Remember, if you change the flow at either end of the engine you will have to check your jetting.


If you increase the ability to pull air in then you can start talking about leaning it out. By just adding a better flowing exhaust you are able to make the engine a better vacuum. So, now it's pulling harder on the carbs which means it pulls in more fuel. But, the same amount of air.

Numerous dyno's don't lie. Go ahead and do some dyno testing for yourself if you don't believe what they are telling you.

I've got lots of dyno pulls available if you want to download the reader.

You need to look up a phenomenon on called exhaust gas reversion and scavenging. The harder the pull on the exhaust side of the valve the clearer the cylinder is on it's next intake stroke. This allows for more fuel/air to be taken in since there is lest left over burnt gasses from the previous cycle.

In many engines what you are saying is correct that you will lean out with better exhaust. But most of the time you aren't working with a vacuum slide carb and restricted (as much) air intake flow.

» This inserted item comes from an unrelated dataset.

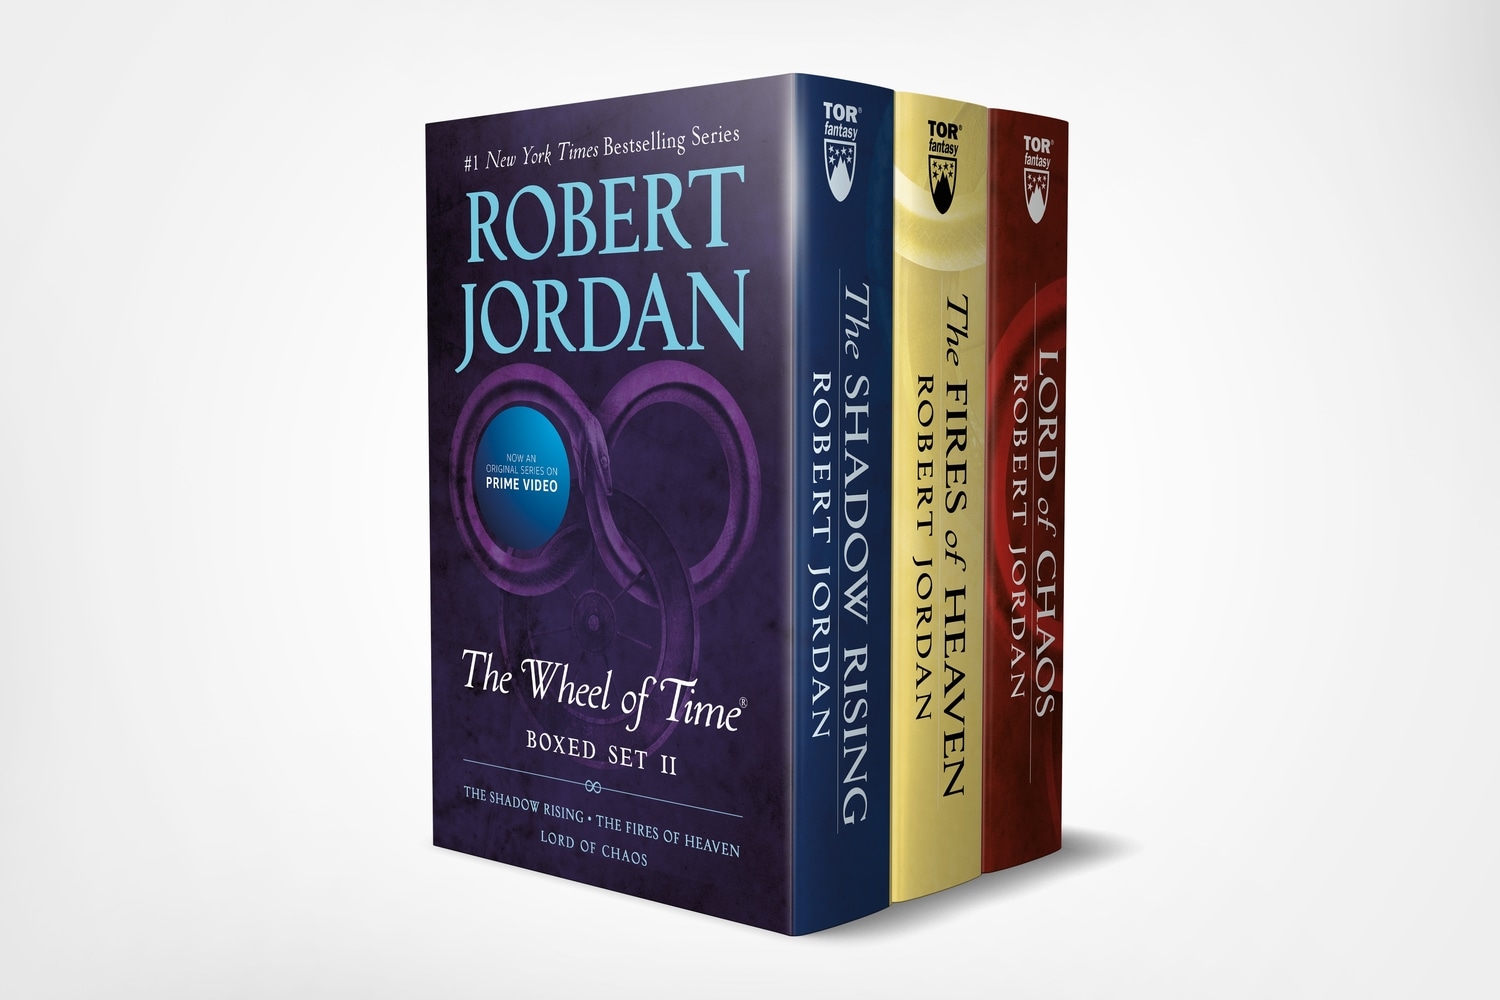 Book “Wheel of Time Premium Boxed Set II” by Robert Jordan — December 31, 2019

Richening up the mixture by opening up the vboost can simply mask other problems at the cost of potential power and economy.
 
Well, i'm running lean, pulled the plugs and they are a little too white for my liking. Wasnt that way before the mod/seafoam. Not going to say that exhaust mod is to blame, seafoam may have dislodged something, however all carbs are running lean (all plugs are whitish) so not overly comfy with calling seafoam the culprit either. Checked the mechanics of the choke, appears to be working, however #2 carb "pop" is far less audiable than the others, still would not account for all carbs running lean. I am running a K&N, so maybe the combo has leaned me out enough to create a "too lean" condition when the choke is used as it stumbles and dies. Looked for other air leak possibilities, none obvious...
 
from what i understand, your initial thought isn't "wrong"--it just doesn't apply to the max whereas it does apply to other bikes.


Here you go

thanks for the info!!! i was VERY curious:biglaugh: i dont mind being wrong...lol
imma pretty good wrencher...but i shure as hell dont consider myself an expert.:rofl_200:

as for the issue at hand.....id check the pilot AF screws and see where those are set...and adj if needed. then id do a carb sync.

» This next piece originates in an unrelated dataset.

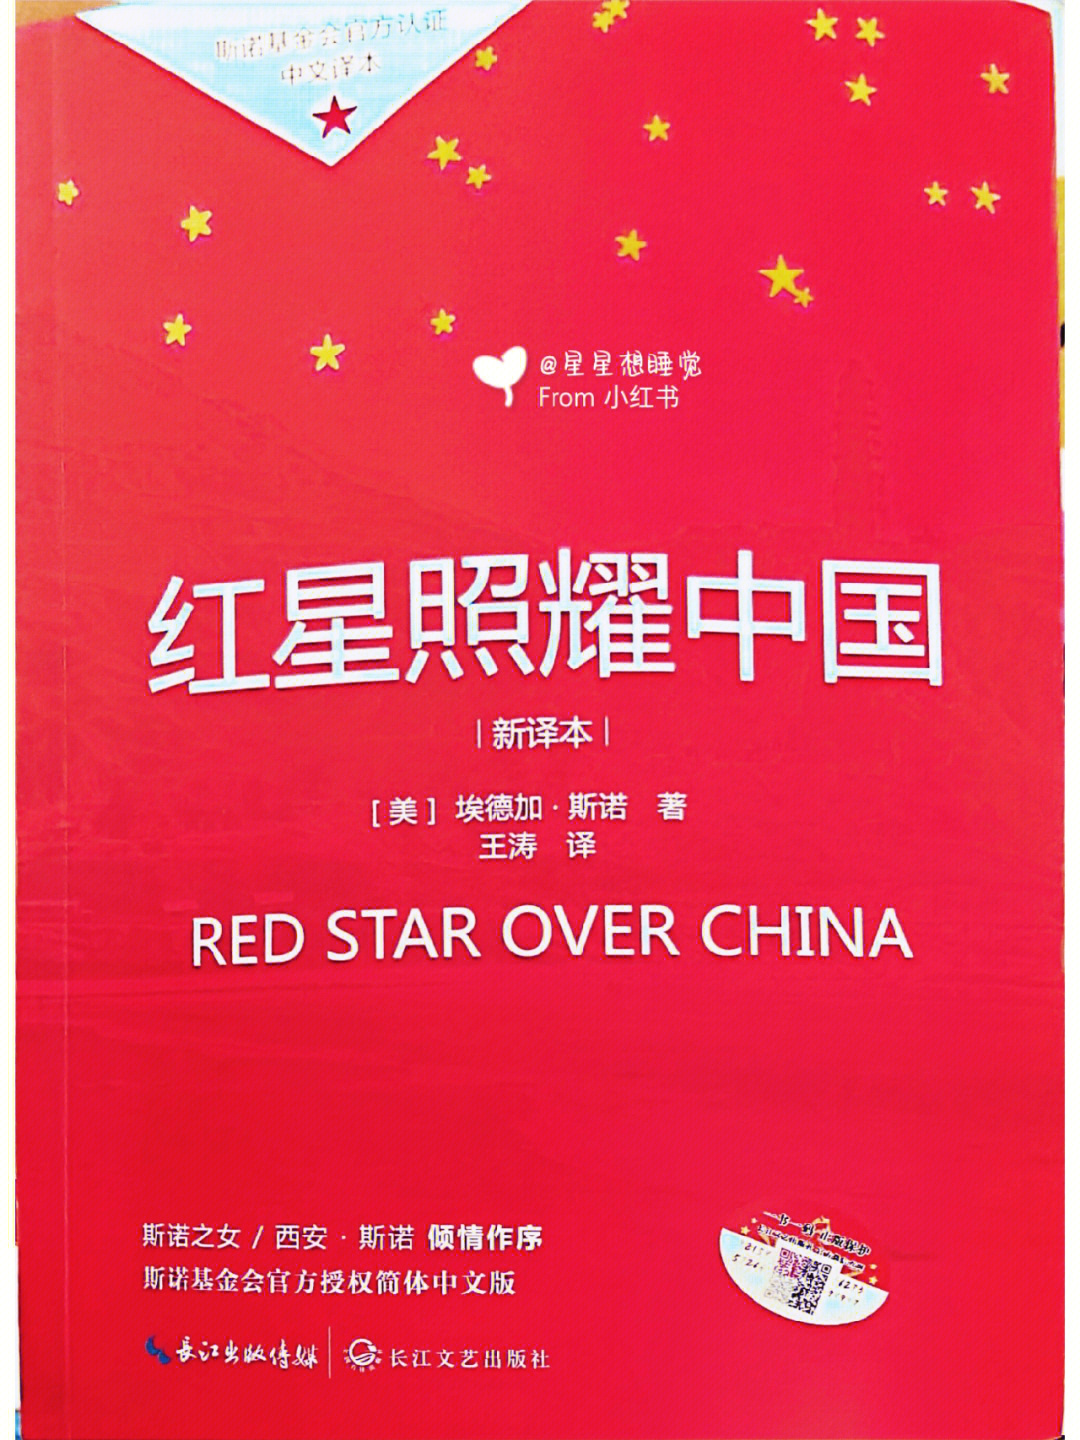 红星照耀中国第一篇第四节批注

i have seen on bikes b4 when the pilot circuits were totally plugged....the owner would bump up the idle screw to get it to idle ....then the bike would feed off the main jets to compensate.
 
So...it is true that I am running lean...but not on all cylinders...only the front 2, the rears are rich as everyone figured (and rightfully so as my a/f screws were 3 turns out and my needles had 2 washer shims)...however, I've discoverd small holes in the front carb diaphrams...would those cause the lean condition...I'm guessing yes...but would appreciate your thoughts,

Frank
 
I've discoverd small holes in the front carb diaphrams...would those cause the lean condition...I'm guessing yes...but would appreciate your thoughts,

Frank

Shouldn't make a difference at idle since the slides are not moving but, anything above idle, when the slides are opening, it could make a difference if the holes are large enough to prevent a proper vacuum and is making the slides open slower than they should. If the slides open slow, this means the needle is not coming out of the main jet and blocking fuel flow. You could check this by removing the top of the airbox and looking in while hitting the throttle.